I'd think the centrifugal switch is hanging up and not opening all the time. It only takes once to kill the start cap. 

As others have said, a single phase motor sized at 1:1 against a 3 phase motor on a recip compressor is the likely root cause of this. It seems to me (hard to follow) that you said the original design ran all day and loaded/unloaded, then you changed it. That would likely have been hard on the 3 phase motor, let alone changing it to single phase. You have increased the duty cycle of the motor, which is part and parcel to the motor selection process on a recip compressor. Yes, HP is HP, but if you increase the duty cycle, you sometimes have to de-rate the motor size.
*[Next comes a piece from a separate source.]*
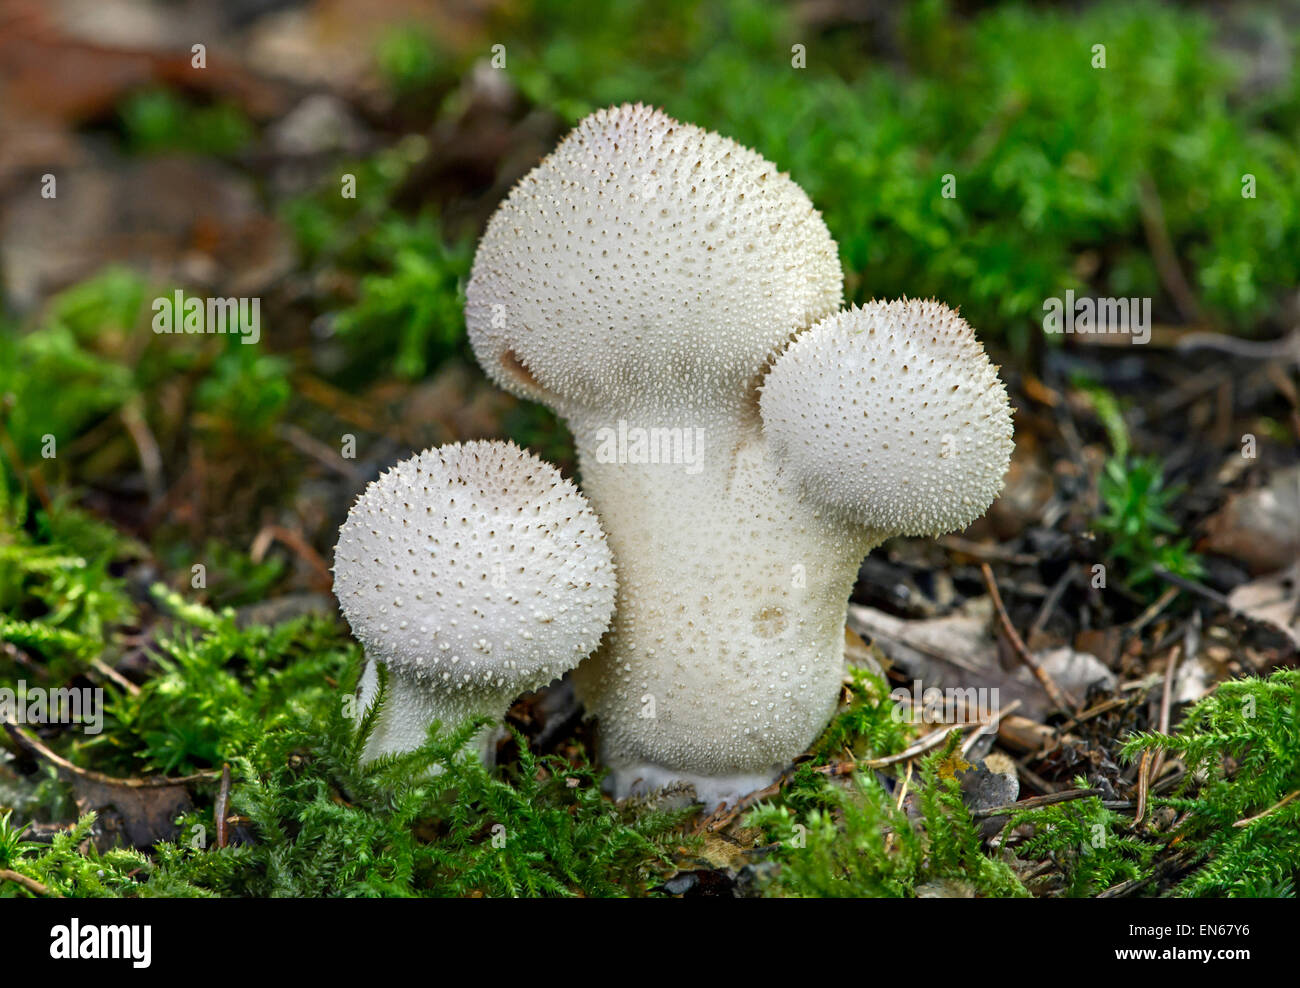 Gemeinsame puffball (lycoperdon perlatum) mit hellen, kurze kegelförmigen Stacheln, saprobic Pilze, Essbar, der Schweiz Stockfoto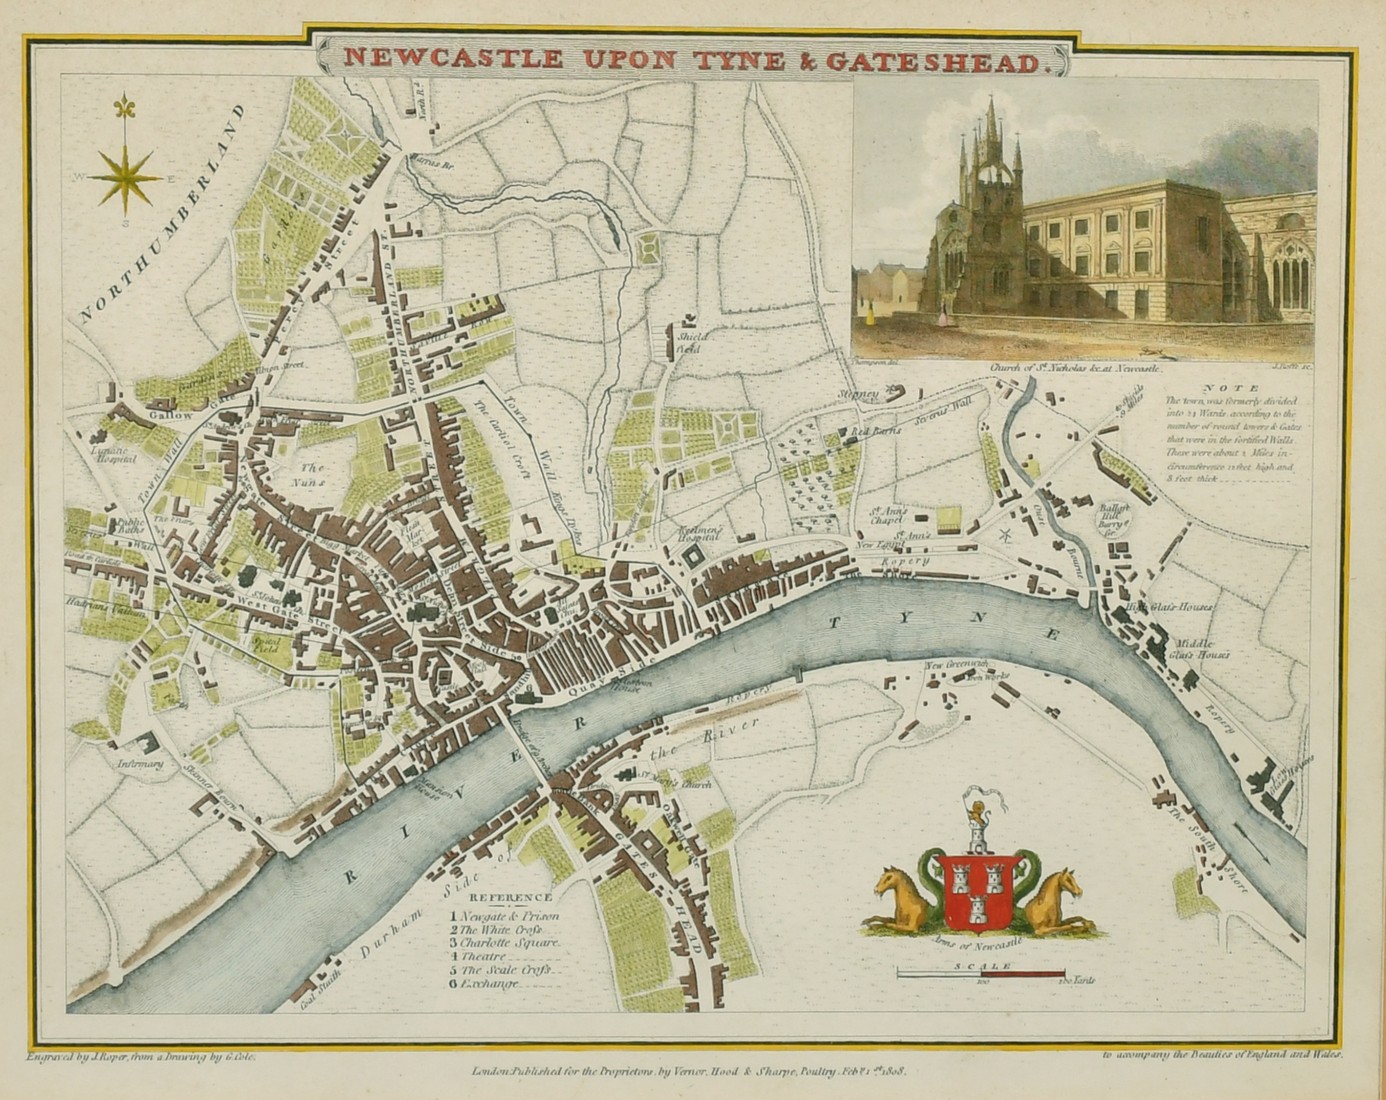 Newcastle Upon Tyne & Gateshead, by G. Cole & J. Roper circa 1810, hand coloured engraving, 7.75"

So you may have needed to go to 10HP even if it was 3 phase, maybe 15 single phase, but that would be a rare motor at that point. Even then, the increased number of starts is still going to take a toll on that centrifugal switch. That's why you rarely see single phase compressors that large.

If its a belt drive, and you don't need as much air as it was originally designed for, you could consider changing the sheave ratio to reduce the load on the motor. That might increase the duty cycle however so because it's a single phase motor, would make it worse. A better plan may be to return to something closer to the original design, run the motor longer and just unload it when not being used. You can add what's referred to as a "minimum run timer" to the pressure switch circuit. It's an off-delay timer controlled by the pressure switch so when the pressure drops, the timer closes, then the timer energizes the starter for the compressor. When the pressure switch opens, it drops out the timer coil, but the timer contacts stay closed for the time value, let's say 10 minutes. After 10 minutes, if the pressure switch is still open, the timer contacts open and drop out the starter. If in that 10 minutes the pressure switch had closed again, the compressor kept running. What this does is minimize the number of start-stop cycles that motor is subjected to.

It will also increase the energy consumption. In reality, that might cost more in the long run than getting a compressor professional to come in and evaluate their needs to give them the correct compressor setup to start with. In a lot of areas, the power utility may even offer a rebate to help offset the cost of that! Here in my area of California, air compressor optimization can get you a nice rebate, sometimes enough to make the cost of changing pay for itself in under a year by the energy cost savings.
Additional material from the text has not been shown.